The Price of Prop 8. That links to a summary of many of the acts of hatred, abuse, vandalism, and crime perpetrated against supporters of Proposition 8 in California. The article provides documented cases of actions taken against those who stood up in support of marriage.
Here’s an example of some of what occurred:
“Many reports of hostility toward Prop 8 supporters involve acts of vandalism. An elderly couple who put a Yes on 8 sign in their yard had a block thrown through their window. A senior citizen who placed a pro-Prop-8 bumper sticker on her car had her car’s rear window smashed in. Some individuals with pro-Prop-8 bumper stickers had their cars keyed. One woman with a “One Man, One Woman” bumper sticker had her car keyed and tires deflated while she was in a grocery store. One man who placed signs in his yard and stickers on his cars and motorbike reported that someone egged and floured his home three times and egged, floured, and honeyed his car twice. Someone also pushed over the man’s motorbike and scraped the bumper stickers off the back glass windows of his cars. Several other individuals reported that Yes on Prop 8 bumper stickers were scraped or ripped off their vehicles or defaced.”
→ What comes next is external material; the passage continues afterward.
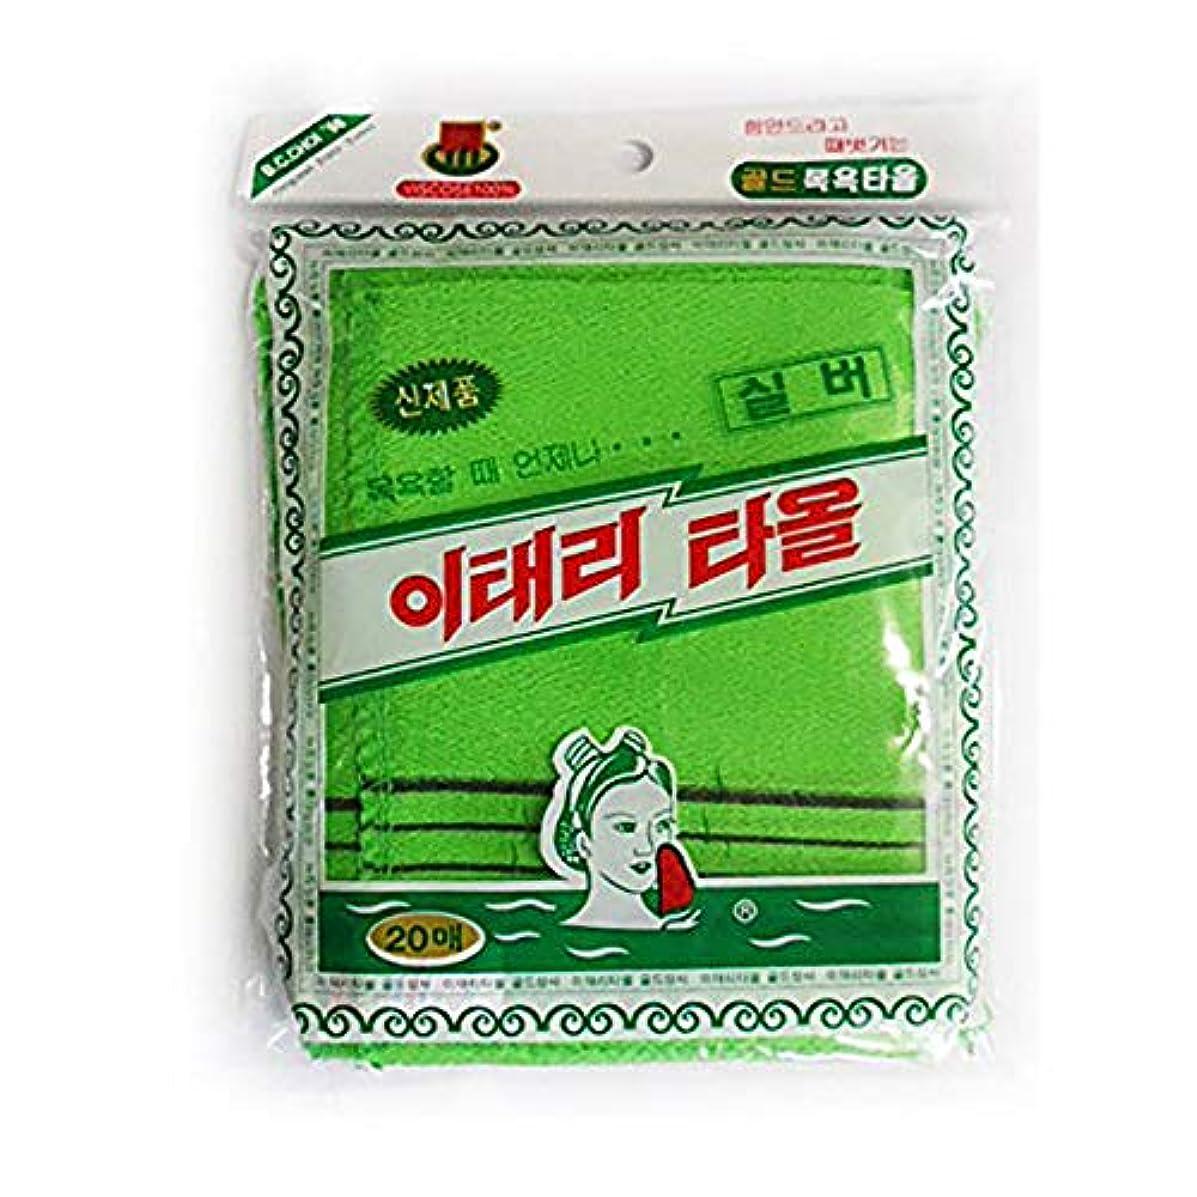 キャンドルオセアニア緩やかなアカスリタオル (韓国式あかすりタオル) 20枚セット

LDS Apostle Dallin H. Oaks recently stated:
“We must not be deterred or coerced into silence by the kinds of intimidation I have described. We must insist on our constitutional right and duty to exercise our religion, to vote our consciences on public issues and to participate in elections and debates in the public square and the halls of justice…. It is important to note that while this aggressive intimidation in connection with the Proposition 8 election was primarily directed at religious persons and symbols, it was not anti-religious as such. These incidents were expressions of outrage against those who disagreed with the gay-rights position and had prevailed in a public contest. As such, these incidents of ‘violence and intimidation’ are not so much anti-religious as anti-democratic. In their effect they are like the well-known and widely condemned voter-intimidation of blacks in the South that produced corrective federal civil-rights legislation.“
Dallin Oaks stated that the effects of intimidation towards those who supported Prop 8 were like voter-intimidation in the South during the civil right movement. Oaks did not say that what occurred in response to Prop 8 was necessarily as bad as blacks faced in the South; he said that blacks faced acts that were meant, among other things, to intimidate them and keep them from voting. Many people in California faced acts meant to intimidate them from voting in support of Prop 8. Voter intimidation is anti-democratic, as Oaks said.
As I’ve written previously, it is hypocritical for people who preach “no hate” to turn around and instigate acts or words of hatred against supporters of Prop 8. In any case, we must, regardless of consequences, be willing to stand up for what we believe is right. There is plenty of room for disagreement – as there should be – but there is no room for incivility.